== Problem description ==
Range to output from the entries below: the line containing "Pindot Cotton Dress" through the line containing "Tenda devore motivo". Set it down exactly, ends included, nothing else.

== Input material ==
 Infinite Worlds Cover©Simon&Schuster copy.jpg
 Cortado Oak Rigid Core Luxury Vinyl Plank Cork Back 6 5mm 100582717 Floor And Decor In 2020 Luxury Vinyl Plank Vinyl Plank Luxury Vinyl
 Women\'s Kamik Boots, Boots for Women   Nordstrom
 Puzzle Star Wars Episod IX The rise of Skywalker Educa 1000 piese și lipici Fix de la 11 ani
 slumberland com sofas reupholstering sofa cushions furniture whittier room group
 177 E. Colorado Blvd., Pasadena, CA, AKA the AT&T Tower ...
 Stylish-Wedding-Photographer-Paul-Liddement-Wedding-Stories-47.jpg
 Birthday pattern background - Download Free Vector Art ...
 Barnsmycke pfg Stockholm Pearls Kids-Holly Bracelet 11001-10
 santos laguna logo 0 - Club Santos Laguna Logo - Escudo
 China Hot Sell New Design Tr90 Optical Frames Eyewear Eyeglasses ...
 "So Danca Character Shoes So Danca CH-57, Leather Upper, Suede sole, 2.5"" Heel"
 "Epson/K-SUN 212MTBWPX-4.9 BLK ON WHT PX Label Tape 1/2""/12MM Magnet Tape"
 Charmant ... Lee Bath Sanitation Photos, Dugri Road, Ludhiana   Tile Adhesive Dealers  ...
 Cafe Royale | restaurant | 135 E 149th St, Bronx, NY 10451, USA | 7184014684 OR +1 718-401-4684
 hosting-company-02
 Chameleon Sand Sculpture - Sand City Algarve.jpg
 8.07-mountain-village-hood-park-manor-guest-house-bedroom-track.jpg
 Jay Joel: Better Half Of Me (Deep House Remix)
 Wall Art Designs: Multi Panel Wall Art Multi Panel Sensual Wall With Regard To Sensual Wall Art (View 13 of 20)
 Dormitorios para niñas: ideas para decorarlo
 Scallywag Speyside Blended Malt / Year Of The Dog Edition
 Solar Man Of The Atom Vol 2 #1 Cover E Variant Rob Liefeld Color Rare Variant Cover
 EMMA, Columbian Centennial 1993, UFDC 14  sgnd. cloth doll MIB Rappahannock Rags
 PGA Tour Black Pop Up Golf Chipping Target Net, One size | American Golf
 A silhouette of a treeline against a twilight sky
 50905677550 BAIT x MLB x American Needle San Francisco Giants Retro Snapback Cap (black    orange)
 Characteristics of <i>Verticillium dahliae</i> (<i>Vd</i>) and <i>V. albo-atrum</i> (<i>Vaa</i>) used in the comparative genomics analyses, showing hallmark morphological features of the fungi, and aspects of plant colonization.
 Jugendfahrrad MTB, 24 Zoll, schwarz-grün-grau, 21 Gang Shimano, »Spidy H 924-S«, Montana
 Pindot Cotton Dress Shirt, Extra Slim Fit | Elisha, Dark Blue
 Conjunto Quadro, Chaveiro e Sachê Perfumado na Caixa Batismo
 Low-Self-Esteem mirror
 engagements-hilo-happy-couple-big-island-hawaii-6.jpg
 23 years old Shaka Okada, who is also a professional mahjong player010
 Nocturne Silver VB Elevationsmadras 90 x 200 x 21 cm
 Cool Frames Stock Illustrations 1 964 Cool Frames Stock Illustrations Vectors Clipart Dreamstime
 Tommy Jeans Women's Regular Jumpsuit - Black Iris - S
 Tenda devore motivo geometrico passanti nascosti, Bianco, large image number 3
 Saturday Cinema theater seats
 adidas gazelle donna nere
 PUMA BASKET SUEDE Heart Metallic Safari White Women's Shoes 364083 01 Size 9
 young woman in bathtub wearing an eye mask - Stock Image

== Your solution ==
 Pindot Cotton Dress Shirt, Extra Slim Fit | Elisha, Dark Blue
 Conjunto Quadro, Chaveiro e Sachê Perfumado na Caixa Batismo
 Low-Self-Esteem mirror
 engagements-hilo-happy-couple-big-island-hawaii-6.jpg
 23 years old Shaka Okada, who is also a professional mahjong player010
 Nocturne Silver VB Elevationsmadras 90 x 200 x 21 cm
 Cool Frames Stock Illustrations 1 964 Cool Frames Stock Illustrations Vectors Clipart Dreamstime
 Tommy Jeans Women's Regular Jumpsuit - Black Iris - S
 Tenda devore motivo geometrico passanti nascosti, Bianco, large image number 3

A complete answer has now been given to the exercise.